Seward poured himself brandy. “They are insufferable fools.”

“Insufferable, they are. Foolish …?” Lincoln’s voice trailed off, as from exhaustion.

“I concede that we
could
lose,” said Seward. “But as long as our army
occupies the border-states, and the reconstructed rebel states, we can squeak through—I think. After Kentucky, I’m not so sure.”

“That does not strike me as exactly what I meant when I spoke of government by the people.” Lincoln was suddenly droll; he sat up, and the huge feet crashed onto the floor.

“It may not be by the people but it is certainly
for
the people, since you insist on using rhetorical triads, though God alone knows what
of
the people means, since no government can be anything else but of them, unless the lions and the tigers take over.”

“Or the race of eagles …” Lincoln murmured, half to himself, half to no one at all.

As Seward did not understand the reference, he did not ask for an explanation.
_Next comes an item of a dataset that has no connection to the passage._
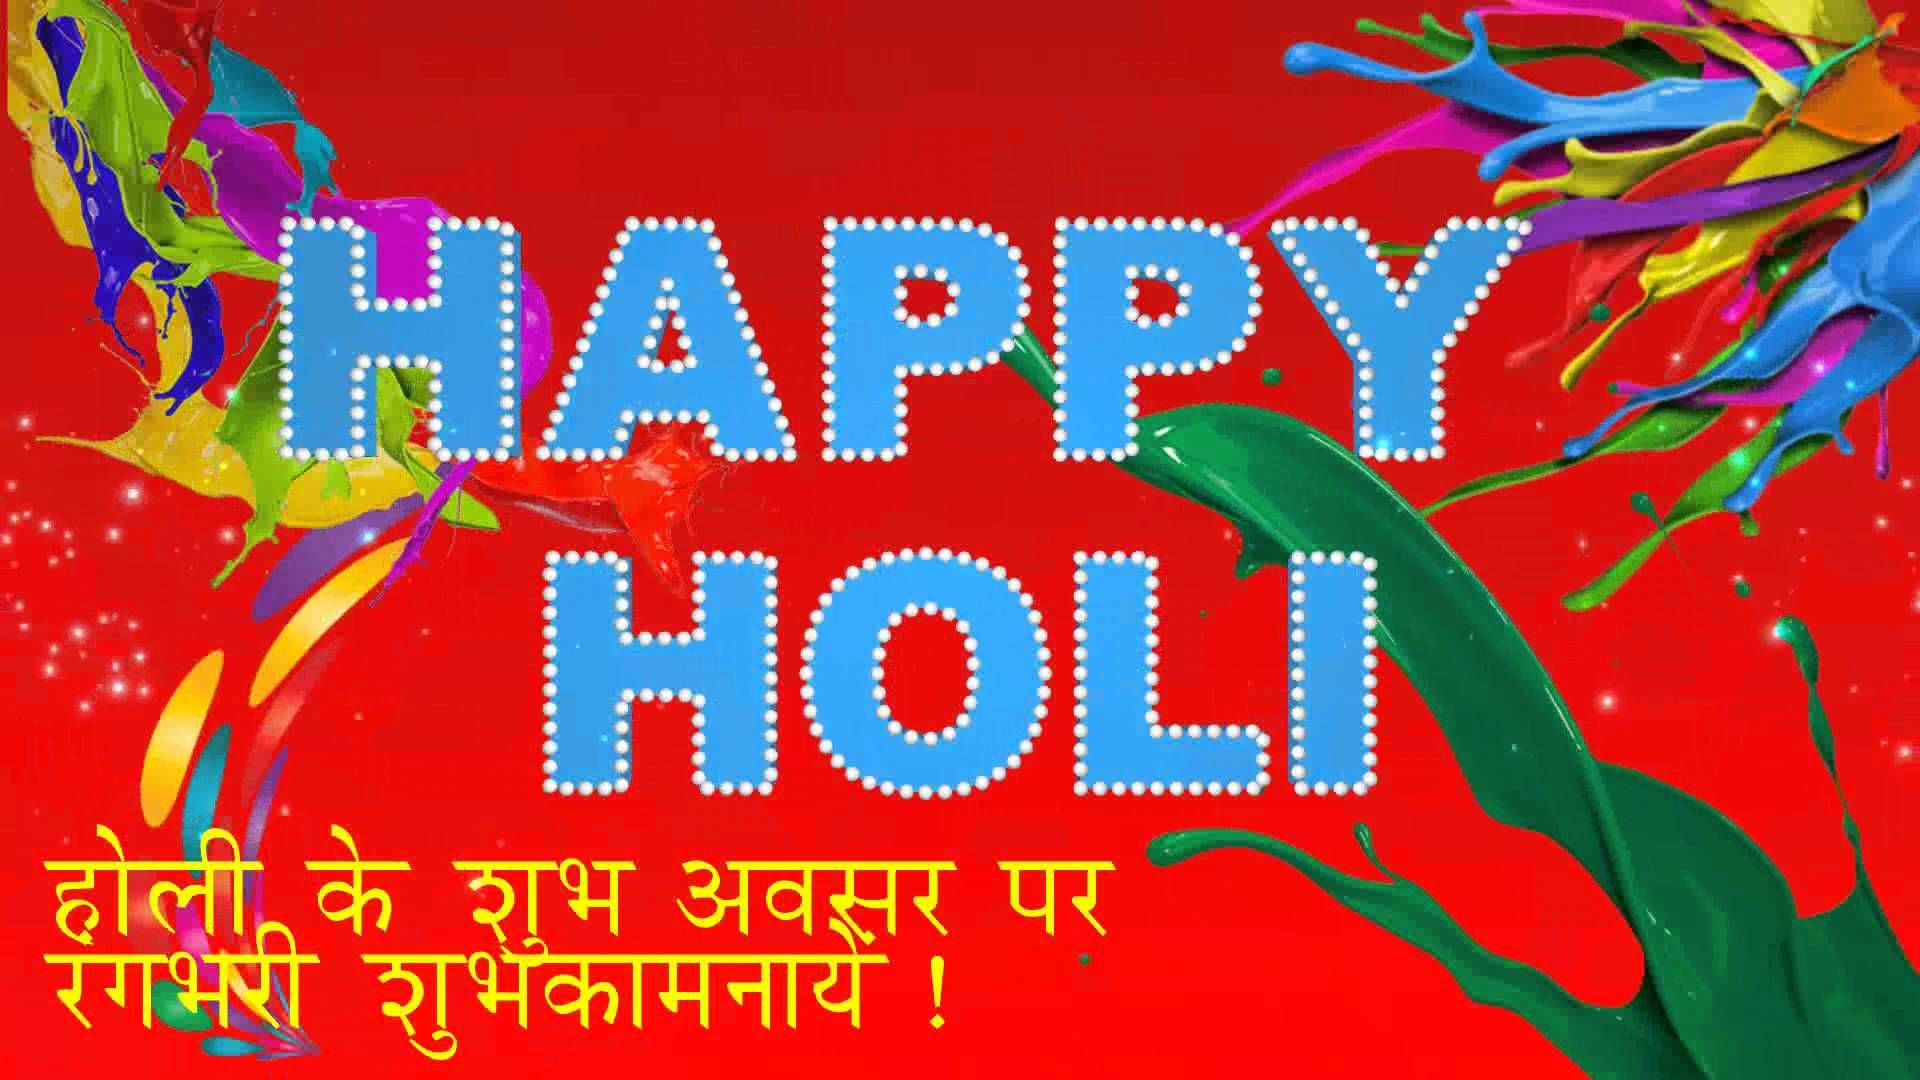 Happy holi 2016 holi whatsapp video holi greetings in hindi holi happy holi 2016 holi whatsapp video holi greetings in hindi holi wishes kristyandbryce Image collections

In any case, he had a constitutional dislike of being told things that he did not know, as opposed to ferretting them out. “The only danger, as I see it, is General Grant deciding to run.”

“I don’t think there’s any chance of that, unless he’s taken Richmond, in which case I’ll be like the fellow who didn’t especially want to die but if he had to, well, that’s the way he’d like to go.” Midge rested her muzzle on Lincoln’s knee. He scratched her ears, as required. “But there’s one curious thing I noticed when Grant was just here. We got onto the subject of the election—I can’t imagine how! Anyway, when I said what a splendid team I thought he and I were, he didn’t say a thing.”

“That is ominous.” Seward knew that in politics nothing speaks more loudly than the unspoken. “You think that he will not endorse you?”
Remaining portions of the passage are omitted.